Credit:  By Perry White | The Daily News | September 5, 2018 | www.thedailynewsonline.com ~~

A party to the Article 10 review of the proposed Galloo Island commercial wind project has complained to the siting board that the Department of Environmental Conservation is trying to suppress information about a bald eagle nesting site on the island, including an attempt to slap a gag order on all participants in the proceeding.

Clifford P. Schneider, in a communication filed Tuesday on the Public Service Commission’s Galloo Island Website, objected to a recent DEC directive threatening to seek sanctions on anyone who provides information on a yet-to-be-held site inspection in which a search for eagle nesting sites is supposed to be done.

“I believe the purpose of the restrictive conditions and the requirement that all those attending the site visit to Galloo sign the protective order may be designed to protect the interests of the Applicant’s project rather than protecting endangered or threatened species habitats, particularly the potential for bald eagle nesting on Galloo,” Mr.

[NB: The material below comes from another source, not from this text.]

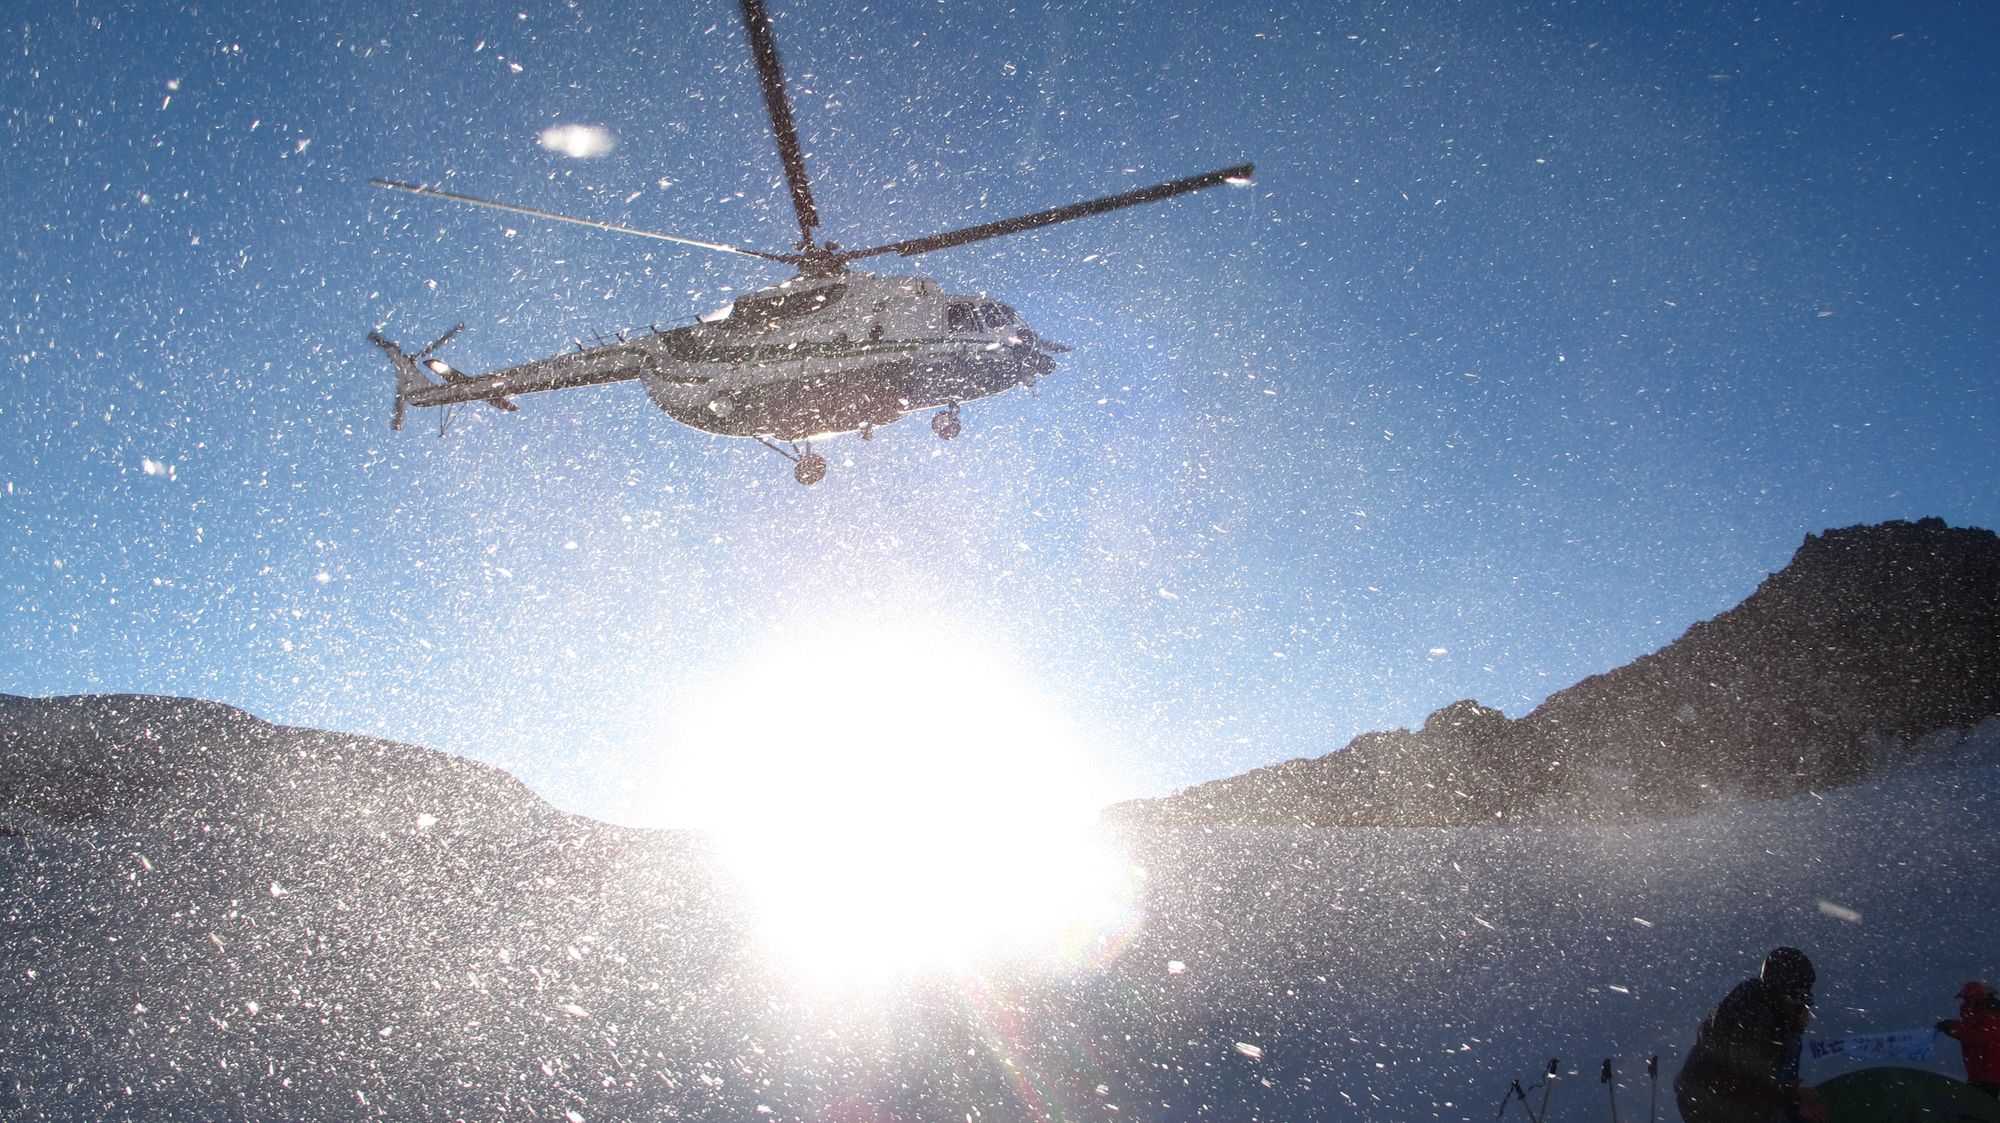 The helicopter was terrifying, but it was the harbinger of more than just wind and flying ice.
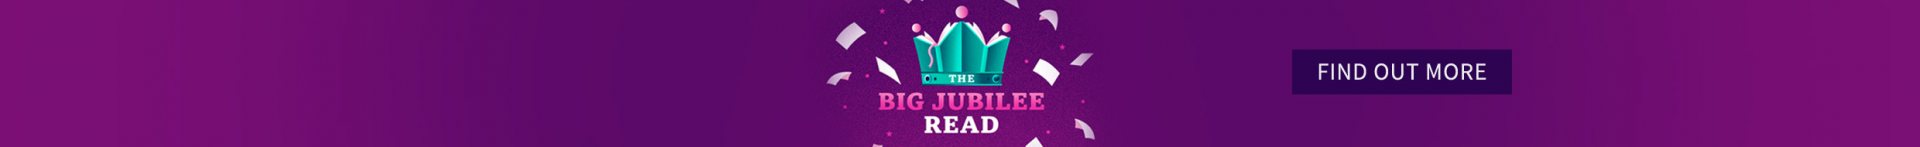 The Big Jubilee Read | Find Out More

Schneider wrote. “My response, however, is submitted for the express purpose of protecting threatened and endangered species that may exist on Galloo Island.”

Public Service Commission spokesman James Denn responded to questions emailed to him Tuesday afternoon by including a statement made Friday by administrative Judge Ashley Moreno. He did not, however, answer specific questions provided by the Times.

Judge Moreno, in her posting to the case file documents, said that the DEC request is only considered a motion at this juncture.

“By email dated August 24, 2018, DEC requested that we amend the Protective Order in this proceeding to expand upon the definition of “Protected Information” to include any information learned on the scheduled site visit and requests additional conditions be adopted in the context of the Protective Order to address concerns about how such information is treated during the proceeding and afterwards,” she wrote. “It further requests that any party wishing to participate in the site visit be required to first sign the appropriate Protective Order acknowledgment.”

“As a preliminary matter, we are treating DEC’s request as a motion. While the request was served on parties, it was not filed with the Secretary. We have forwarded DEC’s motion and the subsequent related exchanges to the Secretary for posting.”

“Regarding DEC’s first request, our preliminary reaction is that only the definition of “Protected Information” would need to be altered to address DEC’s concerns and that the other suggested conditions are already present in the Protective Order and would become applicable if the definition of “Protected Information” were expanded to include “information learned on a site visit with the examiners about the precise location of any threatened, endangered, or rare species or their habitat.”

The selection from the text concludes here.